For this exercise, restate every line below word for word and drop the images.
START Data
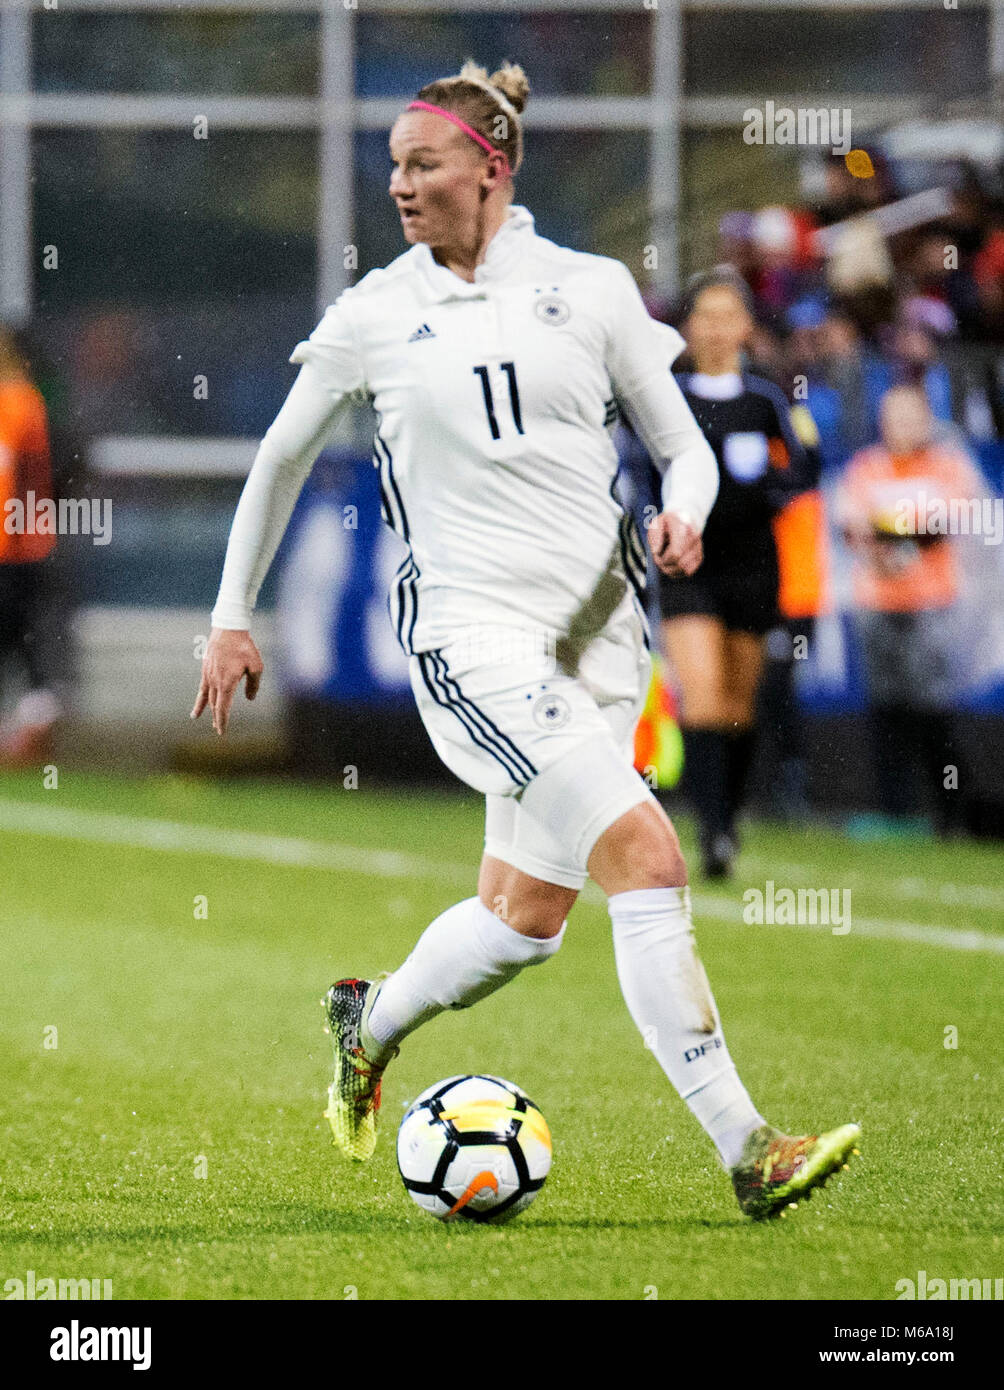 Columbus, Ohio, USA. March 1, 2018: Germany forward Alexandra Popp (11) handles the ball against the USA during their match at the SheBelieves Cup in Columbus, Ohio, USA. Brent Clark/Alamy Live  News Stock Photo
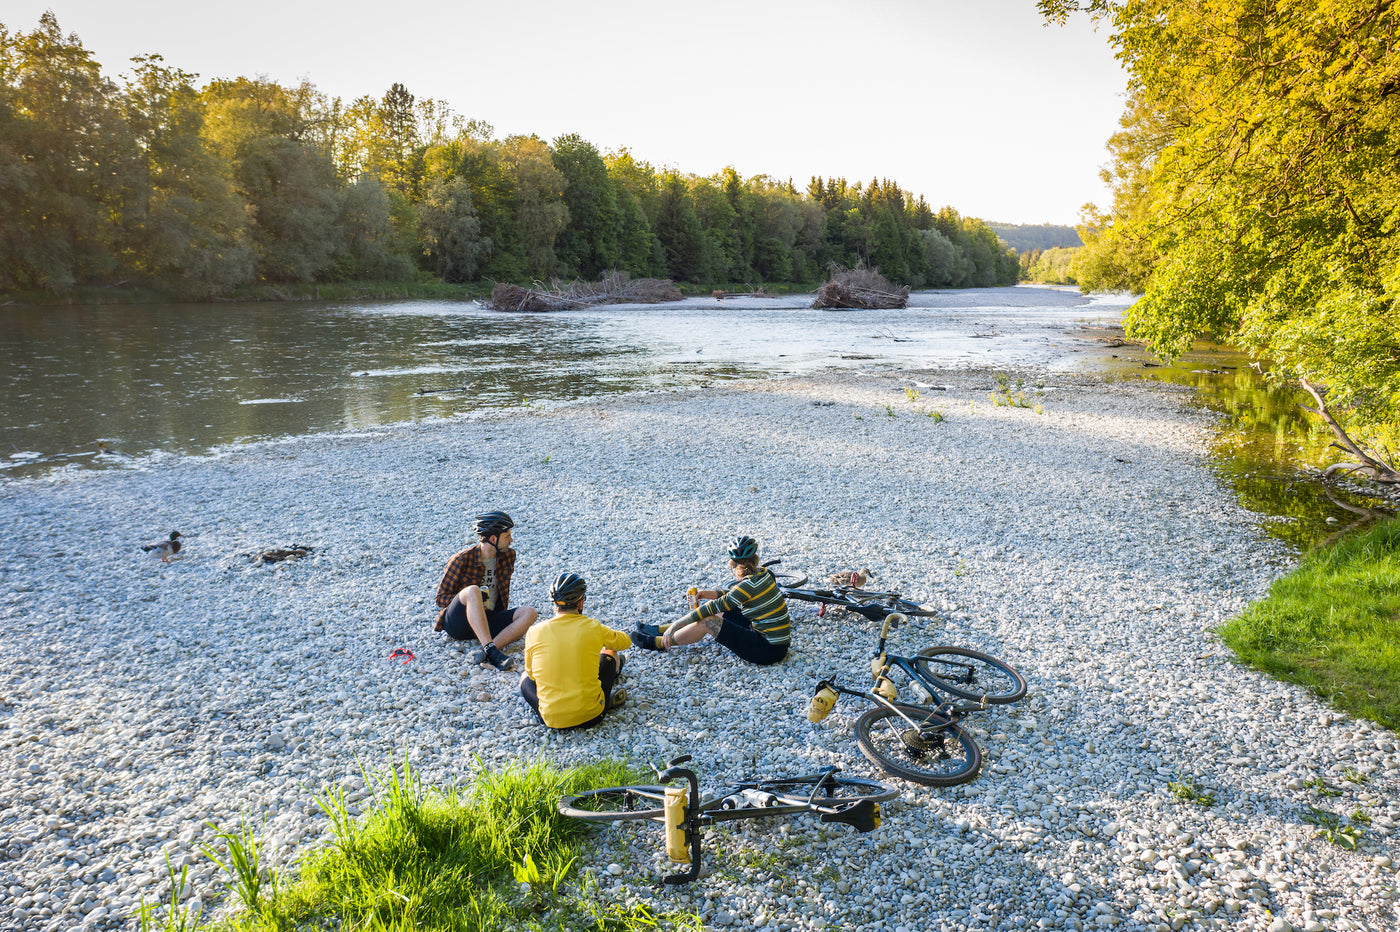 EVOC gravel bike riders with bike packing bags sitting next to Isar River in Germany
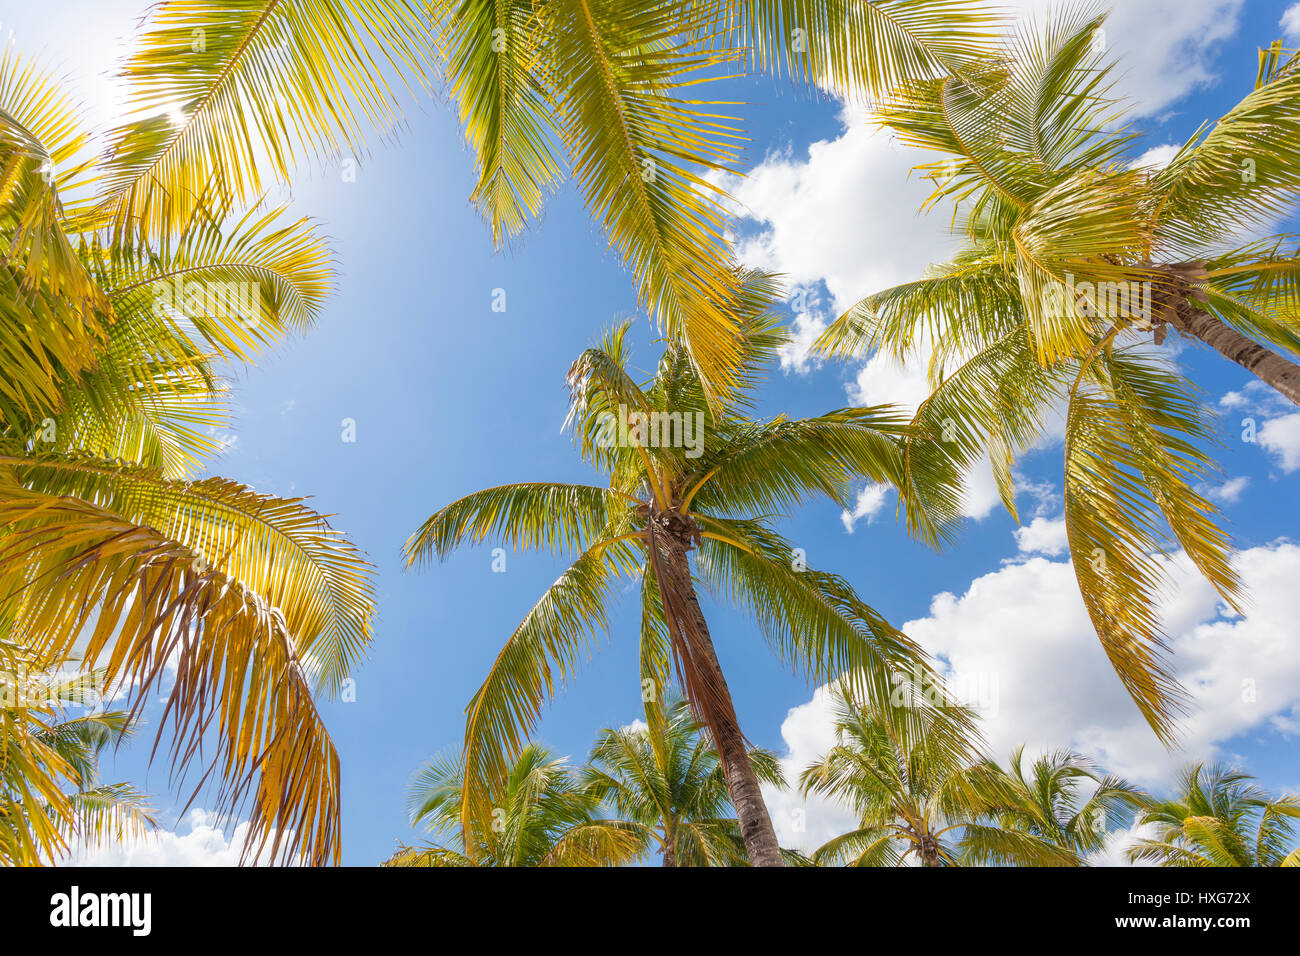 Coconut palm trees in Florida, United States Stock Photo
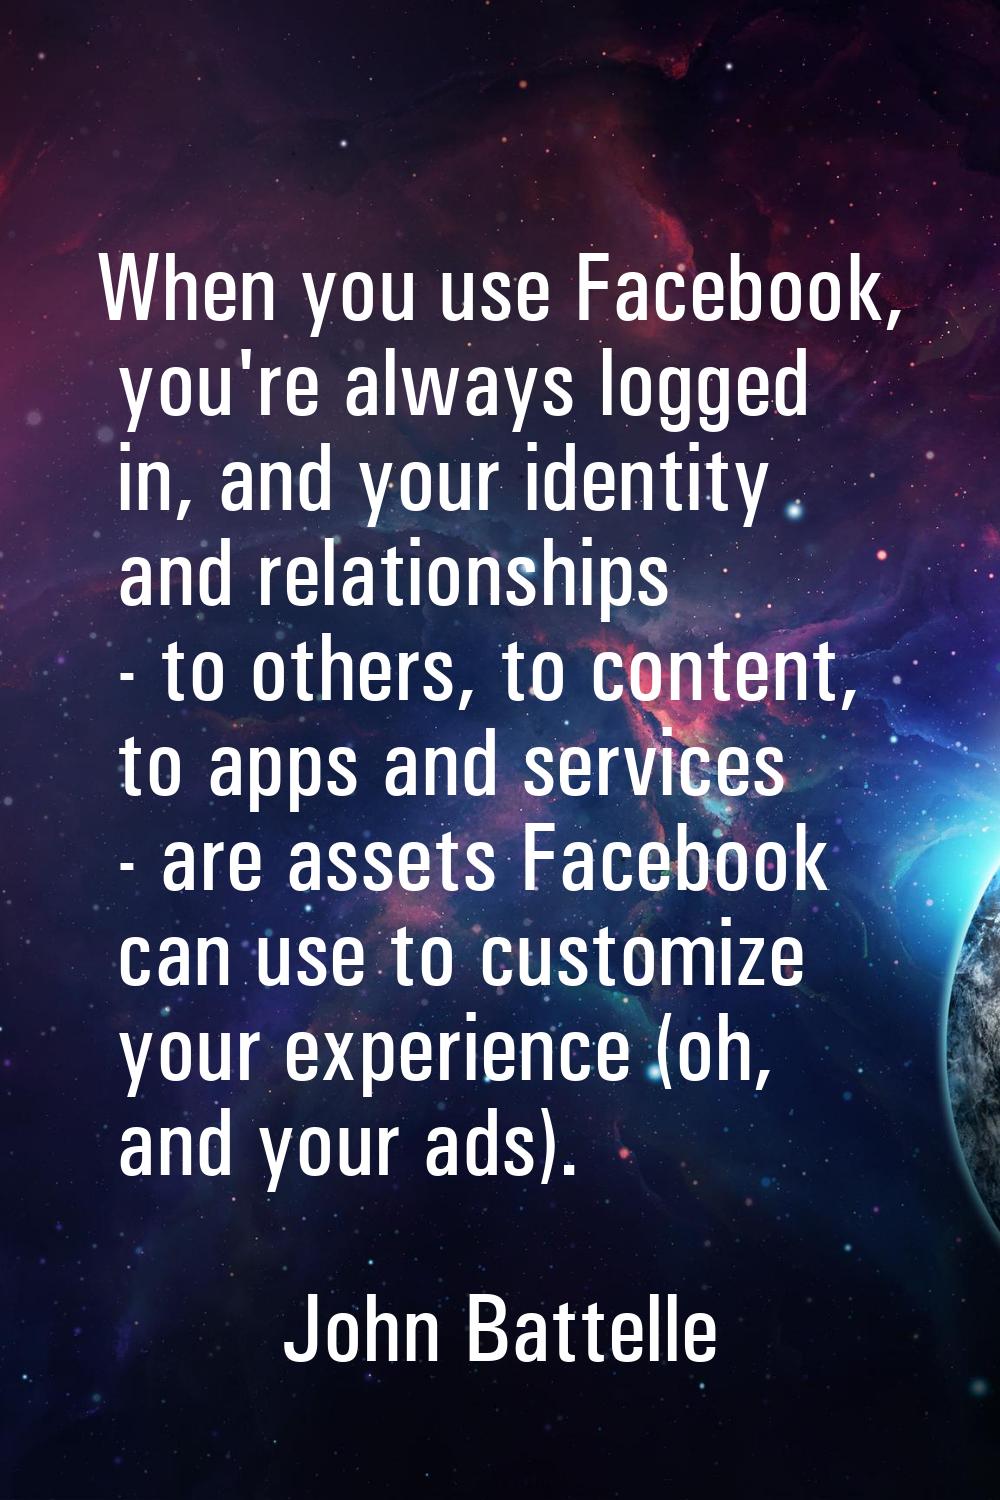 When you use Facebook, you're always logged in, and your identity and relationships - to others, to
END Data
Task response
 Columbus, Ohio, USA. March 1, 2018: Germany forward Alexandra Popp (11) handles the ball against the USA during their match at the SheBelieves Cup in Columbus, Ohio, USA. Brent Clark/Alamy Live  News Stock Photo
 EVOC gravel bike riders with bike packing bags sitting next to Isar River in Germany
 Coconut palm trees in Florida, United States Stock Photo
 When you use Facebook, you're always logged in, and your identity and relationships - to others, to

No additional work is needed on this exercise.